# [Data section]
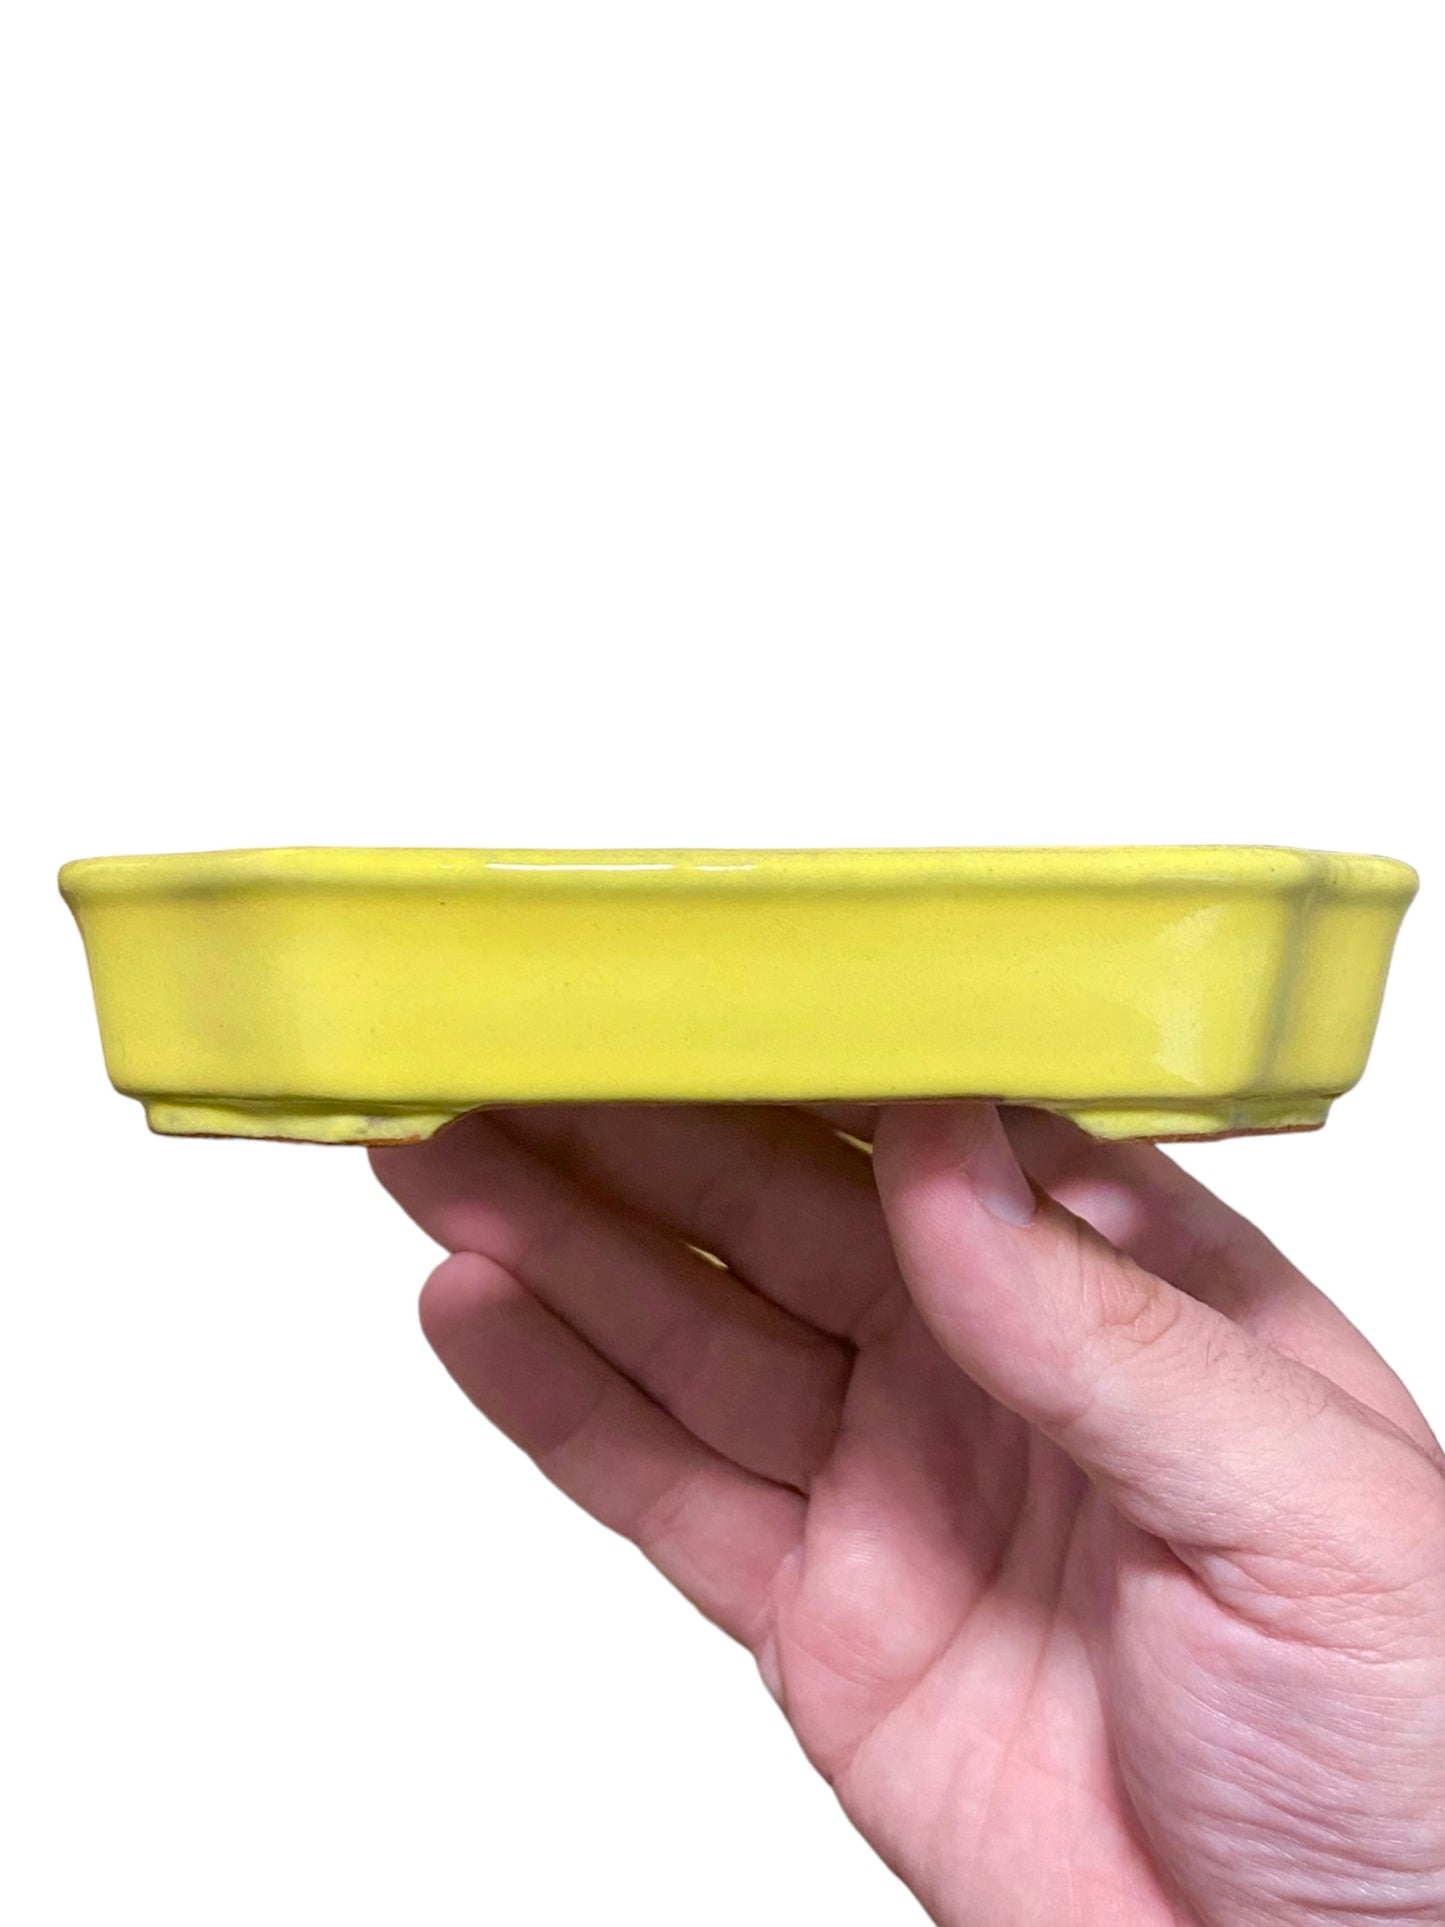 Ikko - Yellow Glazed Mokko Style Bonsai or Accent Pot
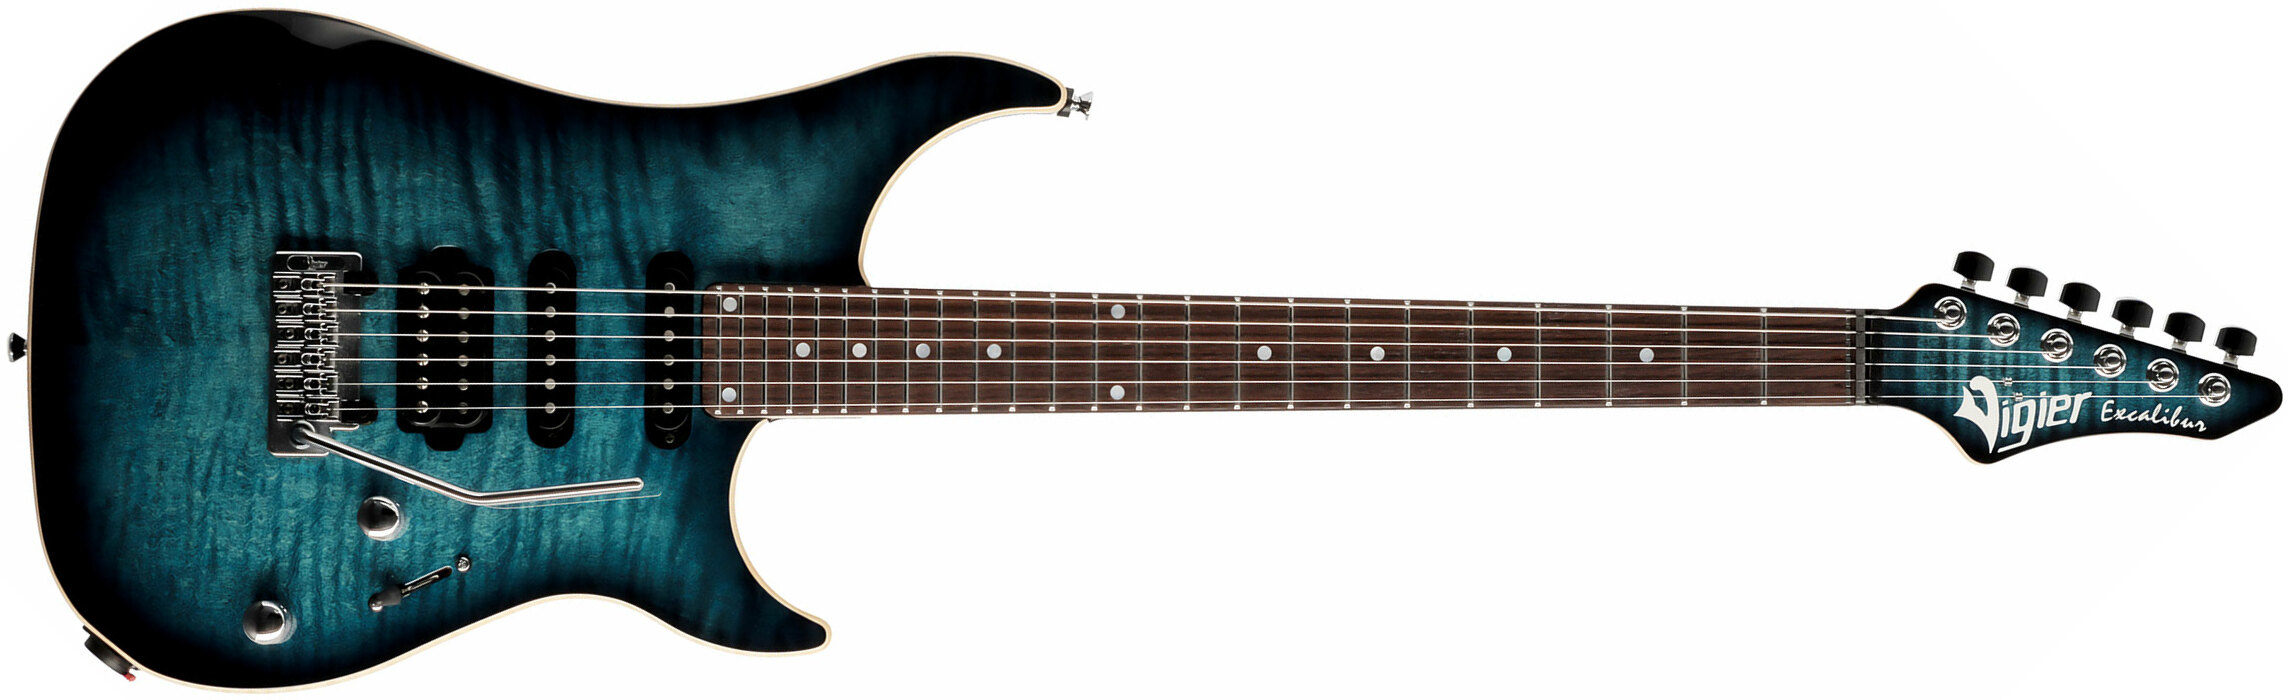 Vigier Excalibur Ultra Blues Hss Trem Rw - Mysterious Blue - Str shape electric guitar - Main picture
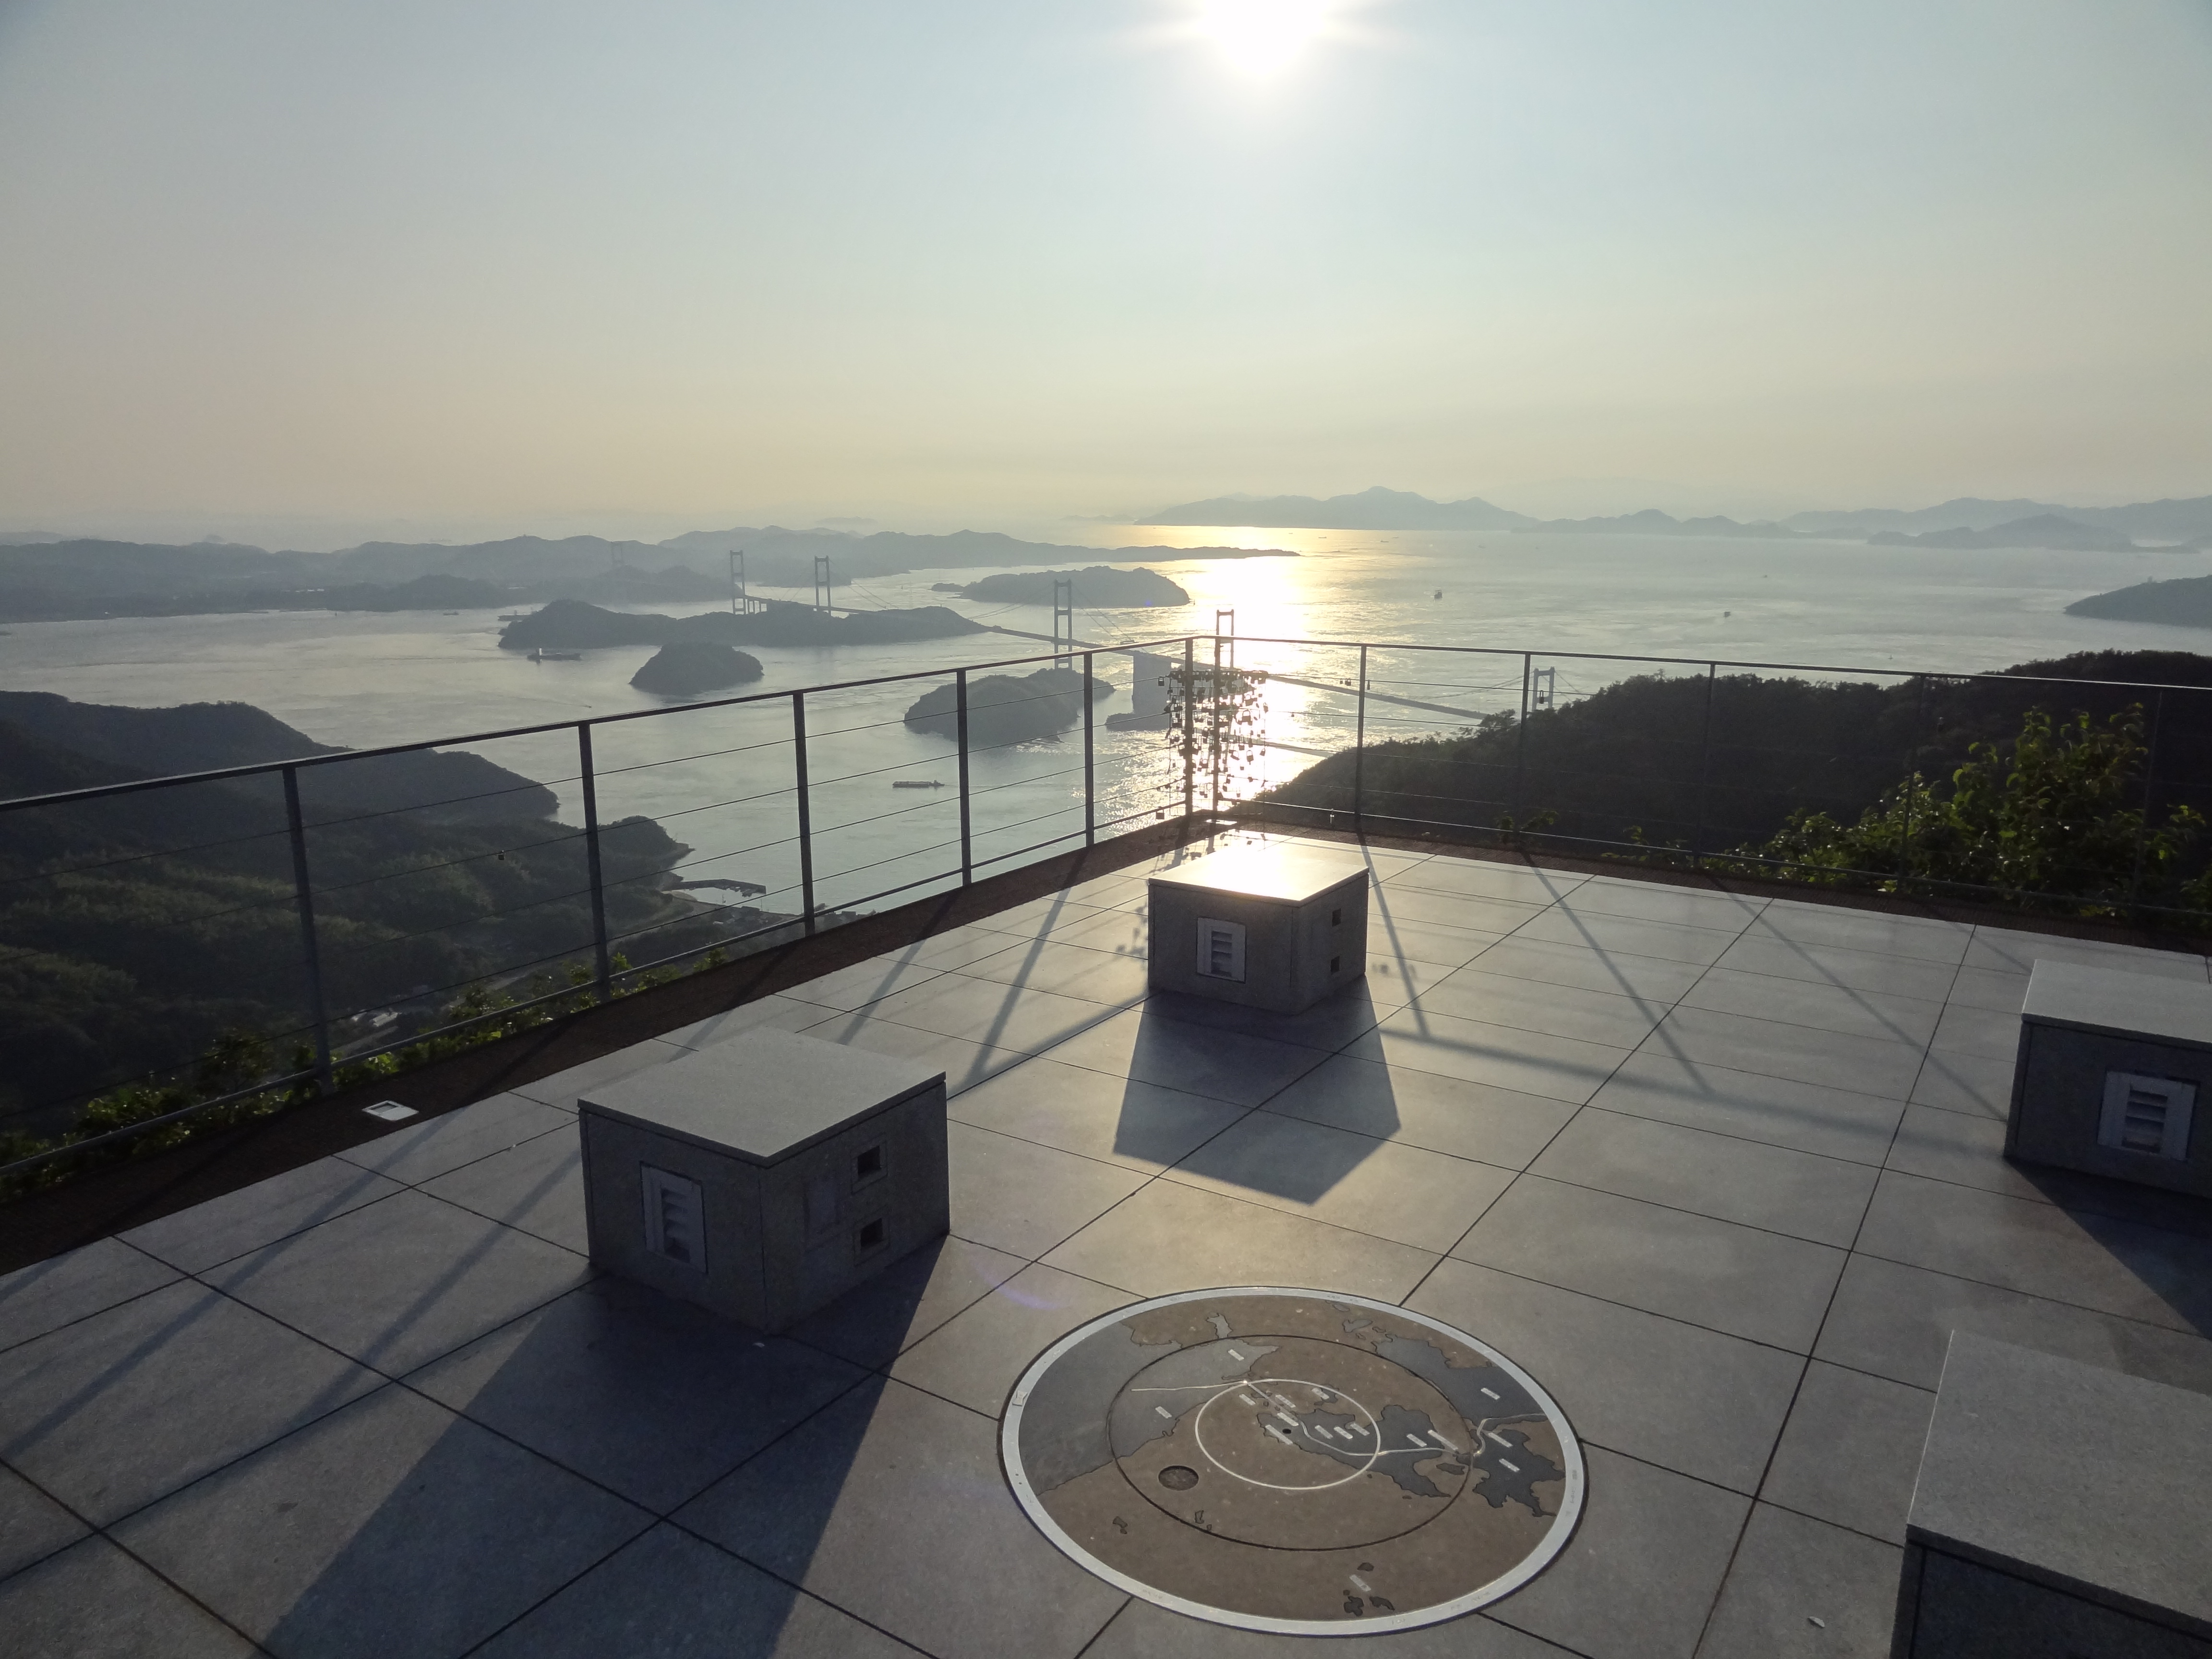 Menikmati pesona pulau biru dari dek observasi terbaik - Taman Observasi Kirosan

# [What to produce]
No picture should be included when the data are set down again exactly.

# [Expected output]
 Ikko - Yellow Glazed Mokko Style Bonsai or Accent Pot
 Vigier Excalibur Ultra Blues Hss Trem Rw - Mysterious Blue - Str shape electric guitar - Main picture
 Menikmati pesona pulau biru dari dek observasi terbaik - Taman Observasi Kirosan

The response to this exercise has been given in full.